Layered Structures and Disordered Polyanionic Nets in the Cation-Poor Polar Intermetallics CsAu1.4Ga2.8 and CsAu2Ga2.6
journal contributionposted on 07.12.2016, 00:00 by Volodymyr Smetana, Simon Steinberg, Anja-Verena Mudring
Gold intermetallics are known for their unusual structures and bonding patterns. Two new compounds have been discovered in the cation-poor part of the Cs–Au–Ga system. Both compounds were obtained directly by heating the elements at elevated temperatures. Structure determinations based on single-crystal X-ray diffraction analyses revealed two structurally and compositionally related formations: CsAu1.4Ga2.8 (I) and CsAu2Ga2.6 (II) crystallize in their own structure types (I: R3̅, a = 11.160(2) Å, c = 21.706(4) Å, Z = 18; II: R3̅, a = 11.106(1) Å, Å, c = 77.243(9) Å, Z = 54) and contain hexagonal cationic layers of cesium. This is a unique structural motif, which has never been observed for the other (lighter) alkali metals in combination with Au and post transition elements.
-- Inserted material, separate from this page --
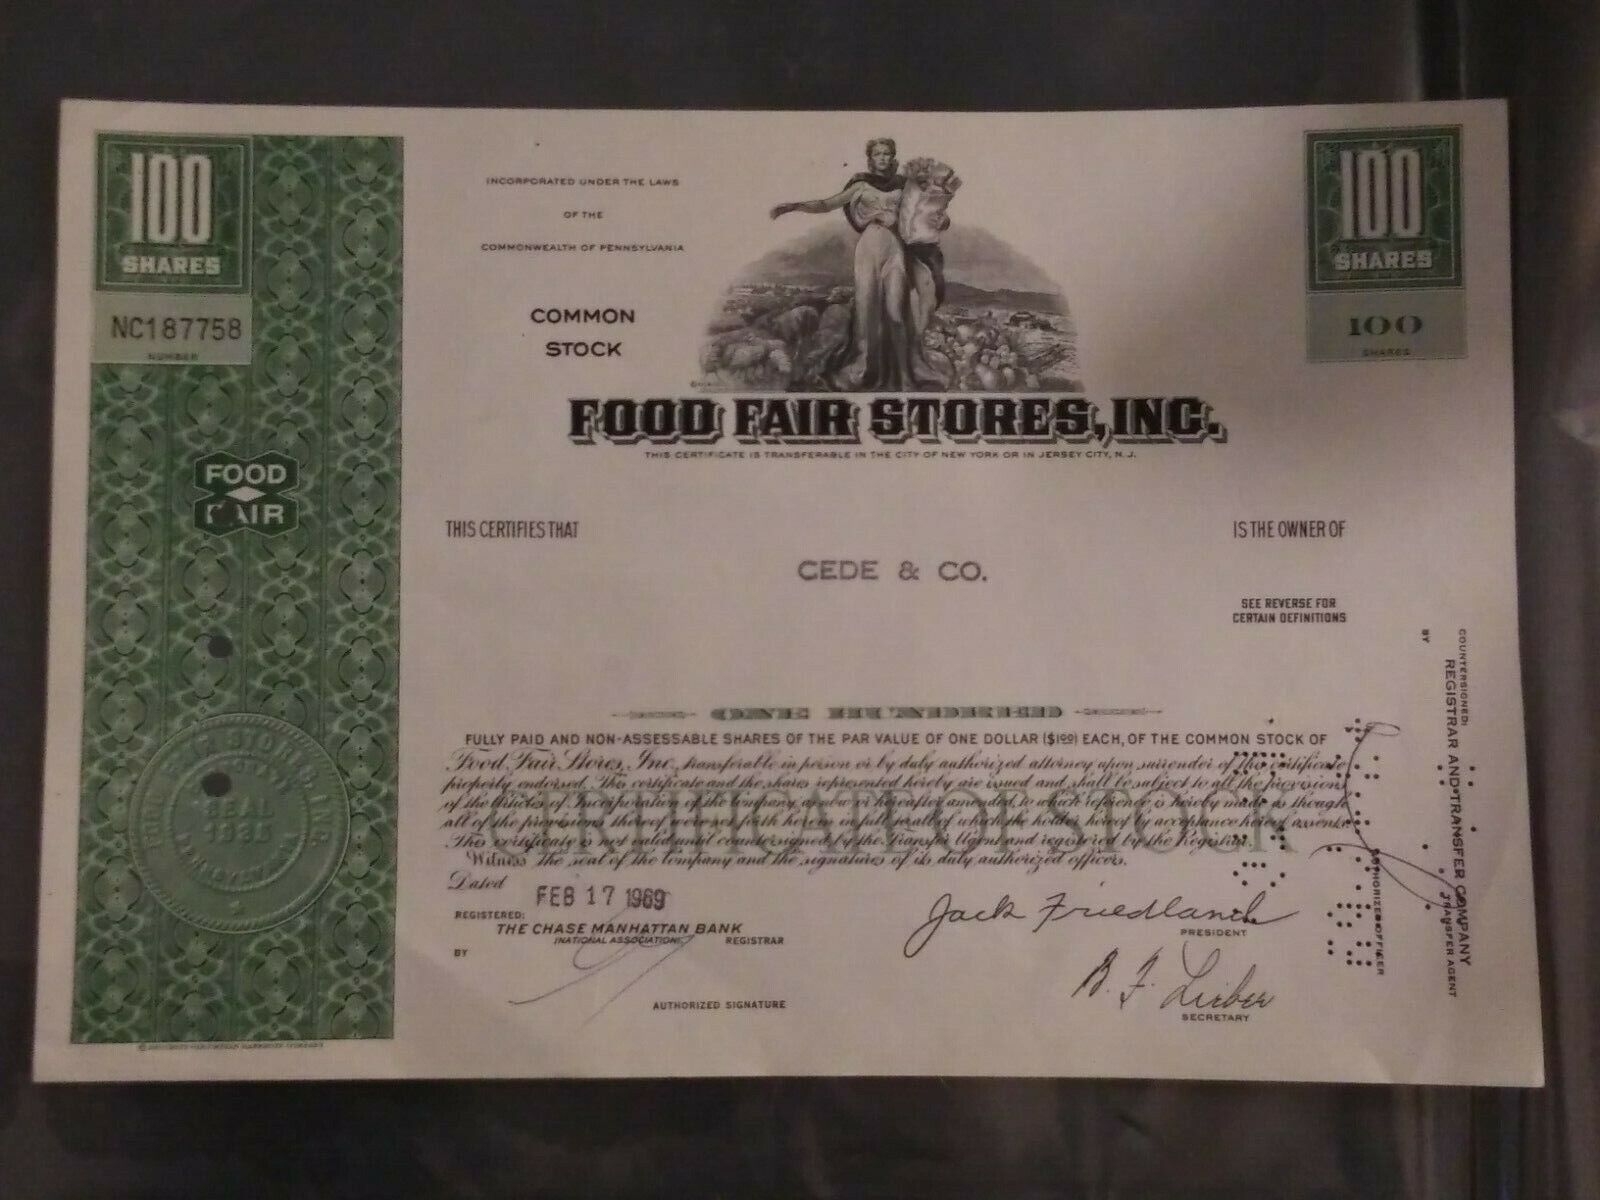 Food Fair Stores Inc. Old 100 Share Stock Certificate

The polyanionic part is characterized in contrast by Au/Ga tetrahedral stars, a structural feature that is characteristic for light alkali metal representatives, and disordered sites with mixed Au/Ga occupancies that occur in both structures with a more significant disorder in the polyanionic component of CsAu2Ga2.6. Examinations of the electronic band structure for a model approximating the composition of CsAu1.4Ga2.8 have been completed using density-functional-theory-based methods and reveal a deep pseudogap at EF. Bonding analysis by evaluating the crystal orbital Hamilton populations show dominant heteroatomic Au–Ga bonds and only a negligible contribution from Cs pairs.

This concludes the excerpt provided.